Дела, связанные с продажей домашних работ, были приостановлены еще до начала первого тура, и сейчас, уже после его окончания, Маркас и Лоррейн решили подождать и не возобновлять деятельность, ведь недоброжелатели вполне могли донести на Маркаса. А медиатор непременно привел бы к исполнителю. Ох, какой бы вышел скандал! «Двое чемпионов вовлечены в незаконную деятельность на территории школы!» «Истинное лицо победителей!» С другой стороны, предложения с заказами валились на Макнейра как из рога изобилия.
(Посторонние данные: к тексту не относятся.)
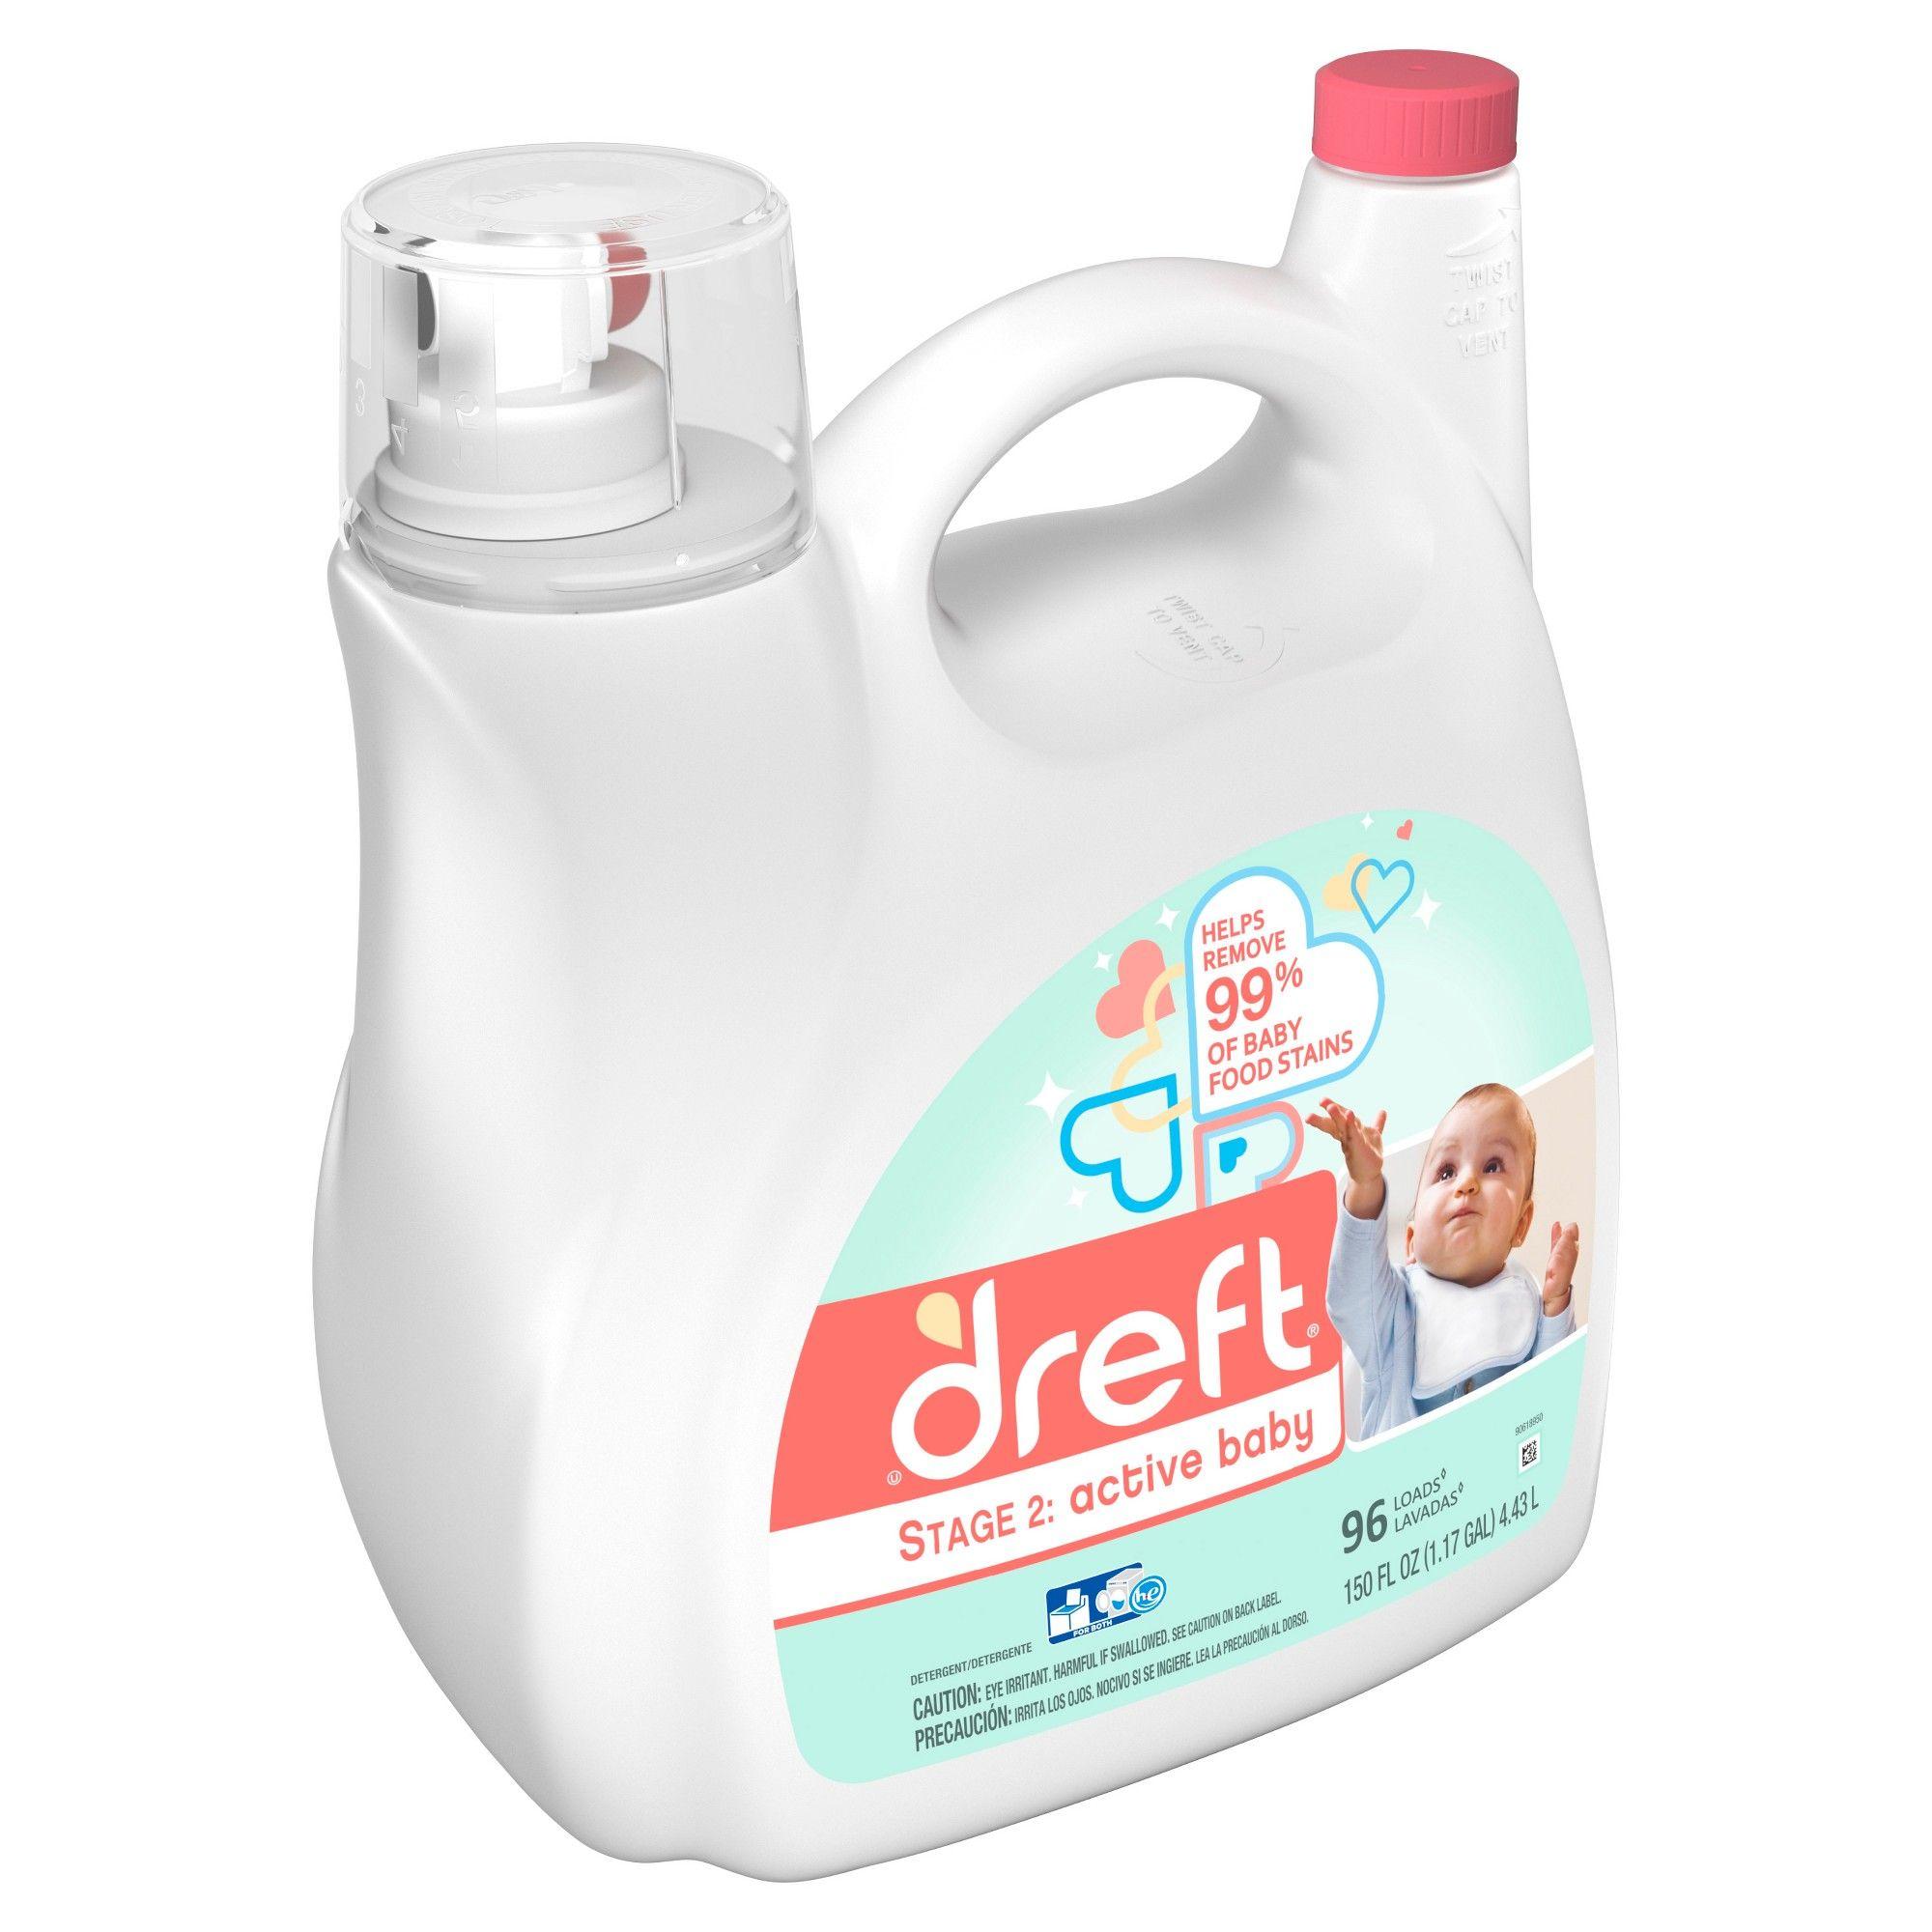 Dreft Stage 2 Active Baby He Compatible Liquid Laundry Detergent

Казалось, ради нескольких минут общения со старшекурсником-победителем первого тура девушки были готовы раскошелиться на крупную сумму.
Лоррейн очень надеялась, что интерес к турниру скоро погаснет, слухи перестанут быть актуальными и померкнут со временем. А пока рейвенкловка старалась быть тише воды ниже травы, лишний раз не высовываться и даже на занятиях вела себя крайне тихо. И неосознанно тянулась к другим участникам, таким же непривыкшим к пристальным взглядам или свободно купающимся в лучах славы.
Поэтому увидев в кабинете Прорицаний свободное место рядом с Рафаэлем Грейвсом, Лэнгфорд шустро протиснулась между креслами и учениками и уселась на пуфик напротив слизеринца.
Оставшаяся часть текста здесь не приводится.